Jilbab yang menjadi tuntutan syar’I adalah jilbab yang
panjang lebar menutup kepala, muka serta dada. Bukan jilbab pendek serta
membentuk raut wajah bahkan melilit leher. Jilbab yang disukai syar’I adalah
jilbab yang berwarna gelap bukan jilbab yang bercorak hingga dapat mengundang
perhatian. Jilbab yang diperintahkan adalah jilbab yang menutup tubuh bukan
malah yang membentuk tubuh hingga auratnya terlihat.
Lantas pertnyaannya adalah
apakah dapat dikatakan serasi dan islami bagi saudari-saudari kita yang menjadi
kormod (Korban Mode) dunia fesyen?
Satu hal yang perlu diingat
adalah kecantikan seorang wanita bukan hanya diukur dengan penampilan dan gaya
dia berbusana. Kecantikan wanita akan lebih berharga bila diukur degan ketaatan
dia kepada Rabb-nya.
Jangan tertipu dengan bisikan
Iblis Laknatullah serta dorongan hawa nafsu yang menipu.

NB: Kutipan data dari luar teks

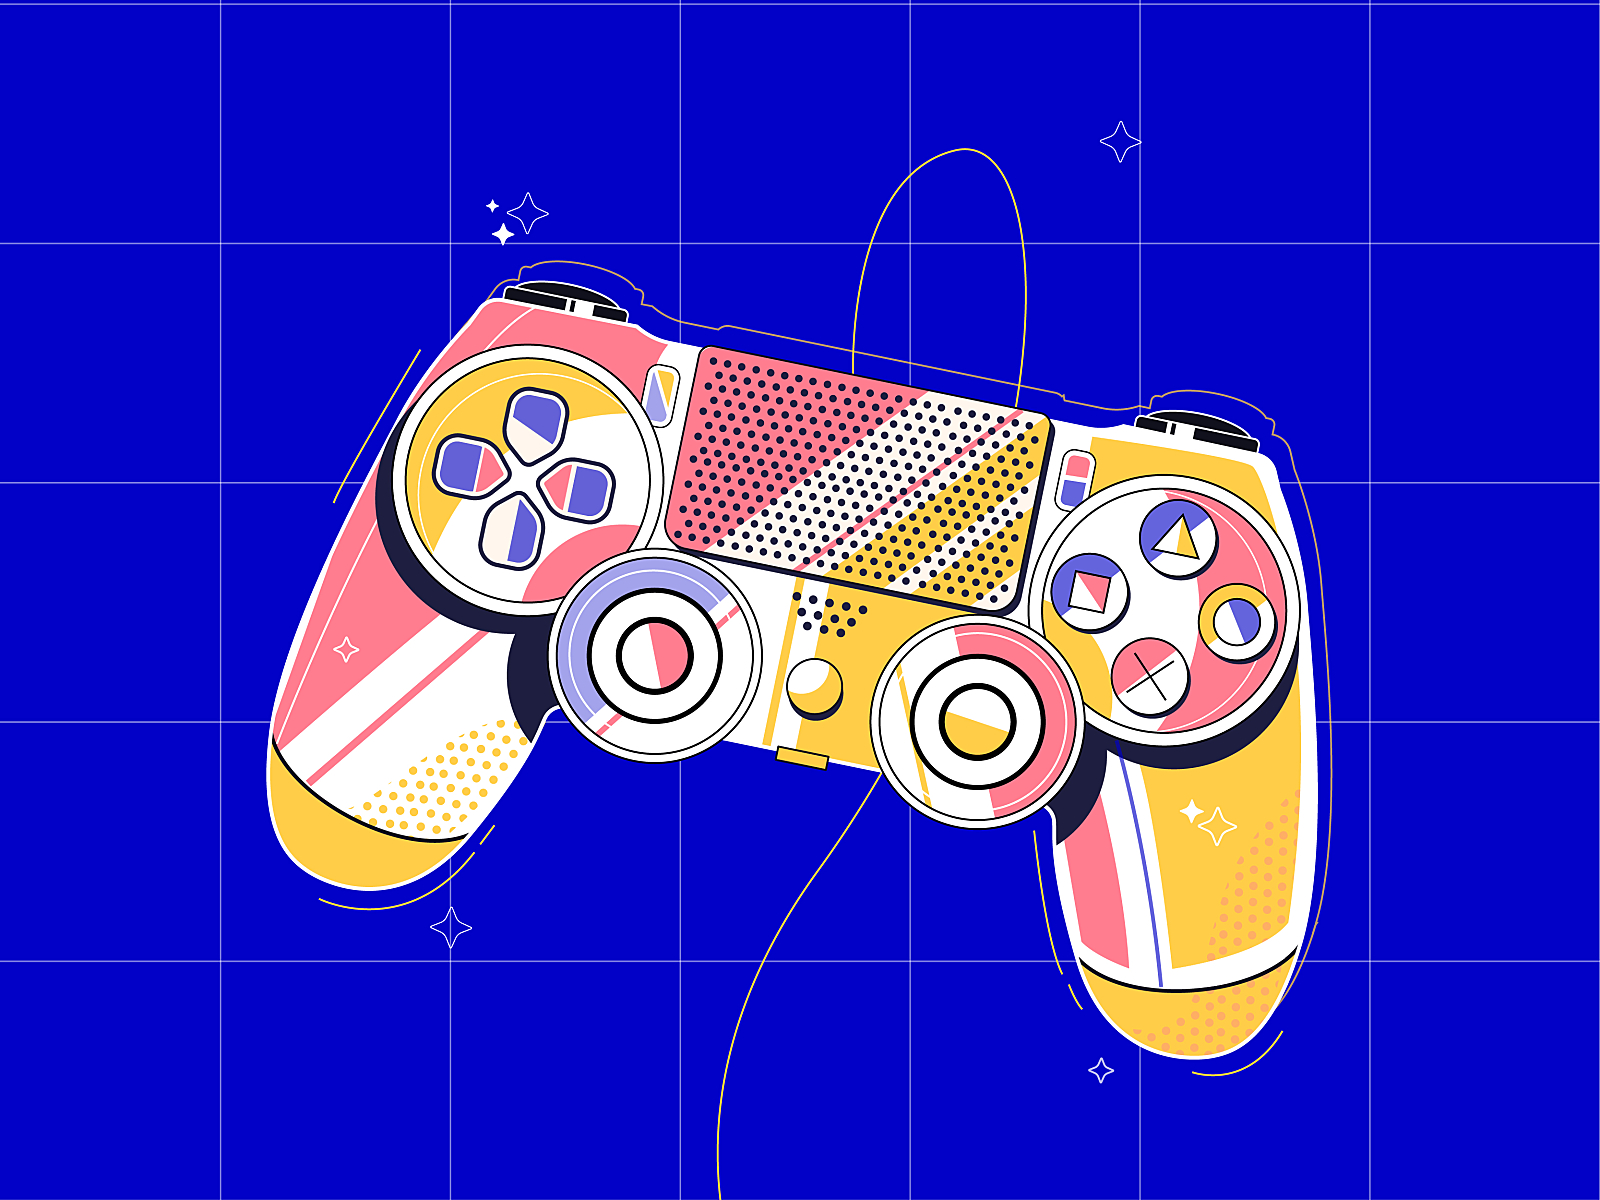 Game controller colors controller design game gaming illustration illustration art illustration design vector

Cukuplah kecantikan tersebut kita
berikan kepada orang yang memang telah Allah halalkan untuk kita. Bukan
diperuntukan bagi orang-orang yang kita sendiri tidak tahu akan kebaikan hati
dan agamanya.
Dan janganlah pernah merasa
ragu untuk menjalankan perintah Allah. Jangan pernah merasa takut serta
menyesal ketika melaksanakan perintah-Nya. Sebab bila seorang wanita mengenakan
jilbab seperti yang diperintahkan-Nya, bukan hanya kecantikan yang ia peroleh,
Ridha Allah pun akan ia dapatka. Dalam manusia ia terjaga, sedang dalam
pandangan Rabb-Nya ia begitu mulia.
Keserasian yang demikian
adalah keserasian yang terlihat dalam pandangan realita dan keimanan.
Rasulullah Shallallahu
‘Alaihi wa Salam pernah mengabarkan bahwa salah satu sifat penghuni neraka
adalah para wanita yang berjalan dengan berlenggak lenggok seperti punuk unta.
Mereka mengenakan pakaian namun pada kenyataannya mereka telanjang. Akankah
keserasian yang kita dambakan menjerumus kita ke dalam neraka? Wal’iyadzubillah
Saudariku…, tidak hina untuk
mengenakan jilbab. Tidak sulit untuk memakainya. Engkau akan mulia dengannya,
bahkan begitu mulianya engkau sampai-sampai Allah mengumandangkan perang bagi
yang menghinakannya.
Hanyas saja, mungkin iman ini
masih lemah dan hati ini masih keras hingga kita masih saja mempersalahkan
permata yang begitu berharga?... (Fachri)
*Dikutip
dari majalah “Mu’minah” edisi 2/tahun 1/april 2006/hal33-35.